The latest "inspiration and process in architecture" notebook from Moleskine is devoted to Steven Holl, who is famous for his daily watercolors collected in hundreds of spiral-bound notebooks, all five by seven inches. A selection of his watercolors were collected at 1:1 scale in two books published by Lars Müller: Scale, in 2012, and Written in Water, in 2002. The earlier book provides a short introductory text for the new Moleskine notebook, which collects watercolor drawings from fifteen projects designed by Steven Holl Architects: a greatest hits collection that ranges from the Chapel of St. Ignatius, completed in 1997, to the just-opened Kinder Building at MFAH and a few in-progress projects. 

The projects in Inspiration and Process in Architecture are presented in a consistent and straightforward manner, with one page of descriptive text, a few pages of watercolors, sometimes a drawing (usually a floor plan), and at least one short poem.
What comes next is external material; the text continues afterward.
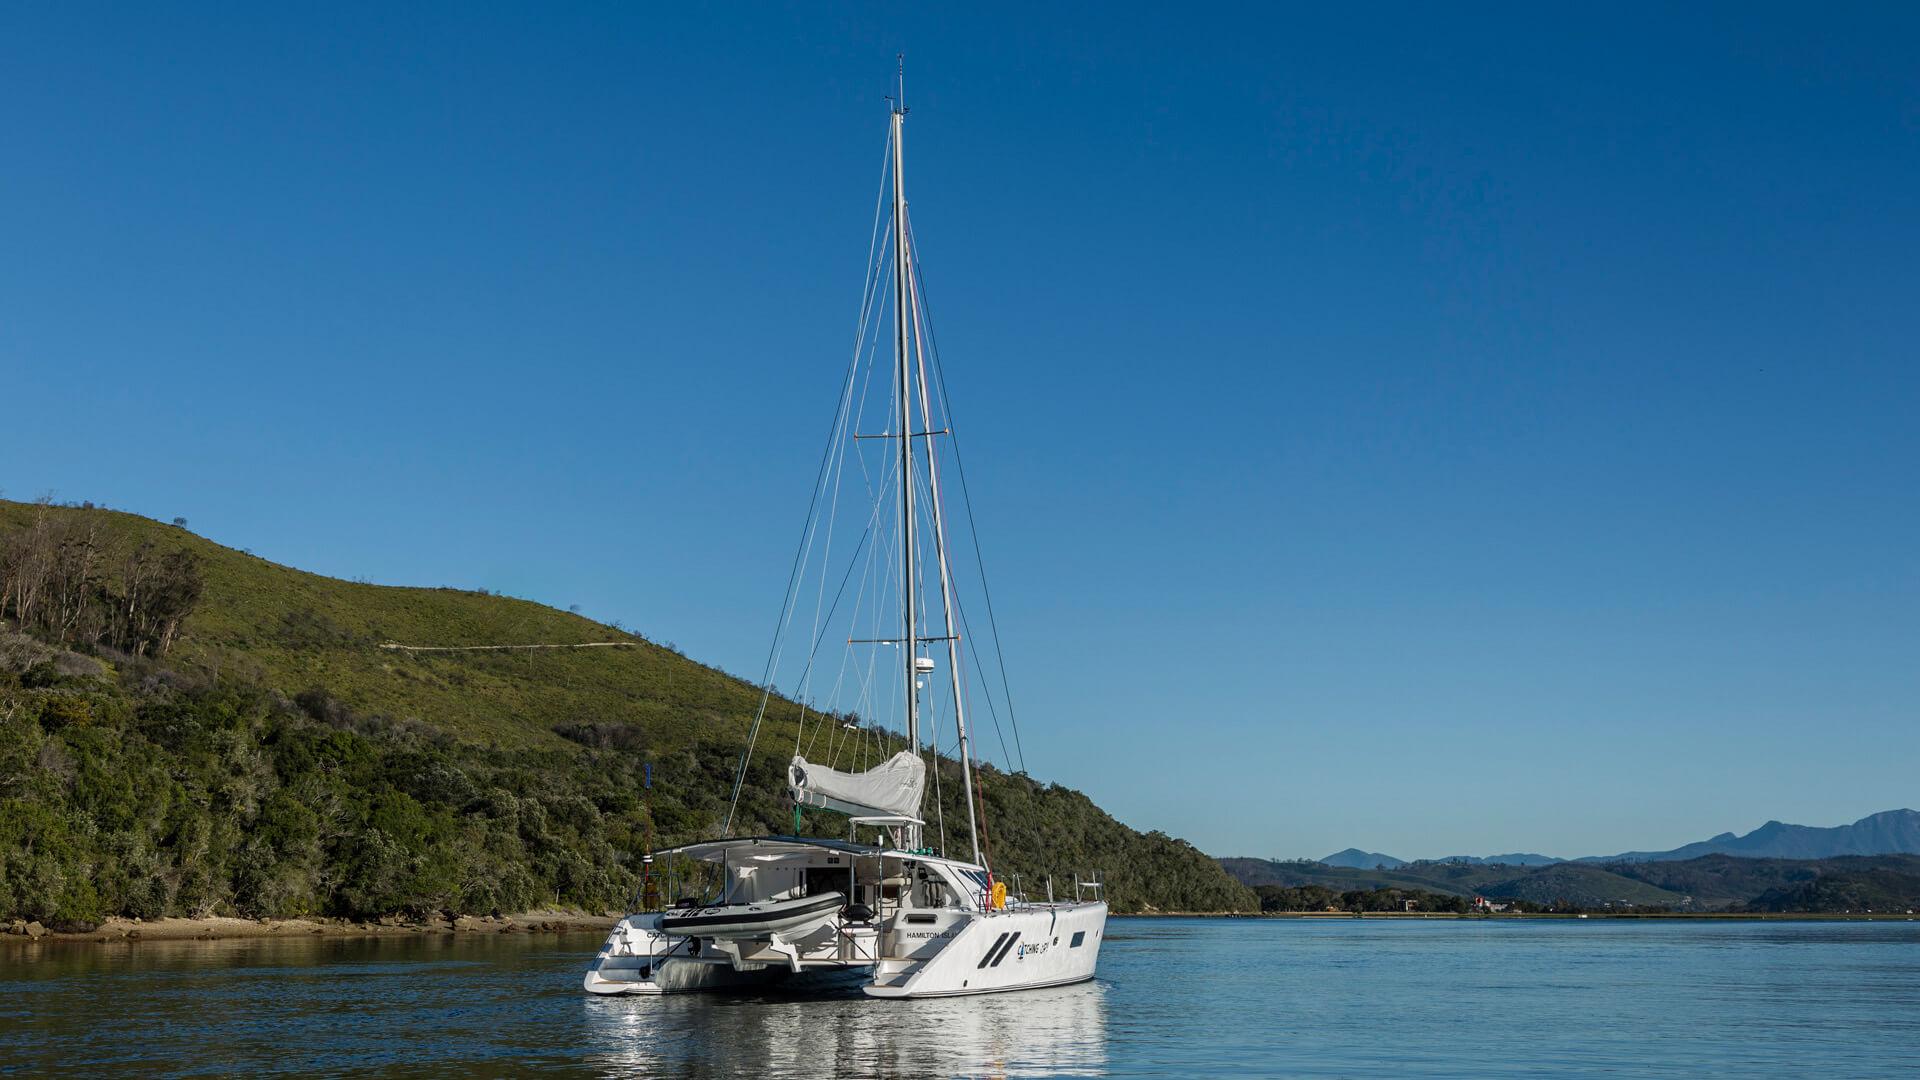 Knysna yacht in the knysna lagoon

The last often float on the page opposite a watercolor that is more intuitive than architectural; their relationship to the completed building is only known fully to the man who created them. Here the poetic words (e.g., "Meet the belly king... Fling that shadow pit... Sing solid air... Scrubbing the wet raw oyster") and daily watercolors reinforce the image of the architect as a lone creator, an artist more than a technician or a service provider. Of course, the project credits at the back of the book, where the architects in Holl's office and engineers and other consultants merge into long lists of names, shatters any myths readers may still hold about architects.

Given that there are only a few photographs of the completed buildings, this notebook does not come close to fully explaining the projects that come out of Holl's office. One would need to look at Compression and his earlier monographs to understand context, construction, and other qualities that fall well outside the borders of the watercolor paper; here, it's all about intention. So this notebook is for fans of Holl who already know his buildings, like his watercolors, and want to see more of them, more than what are found in his monographs. And who knows, maybe the watercolors will instill an appreciation of the media in young architects, who are more comfortable with bits and bytes than brushes and water.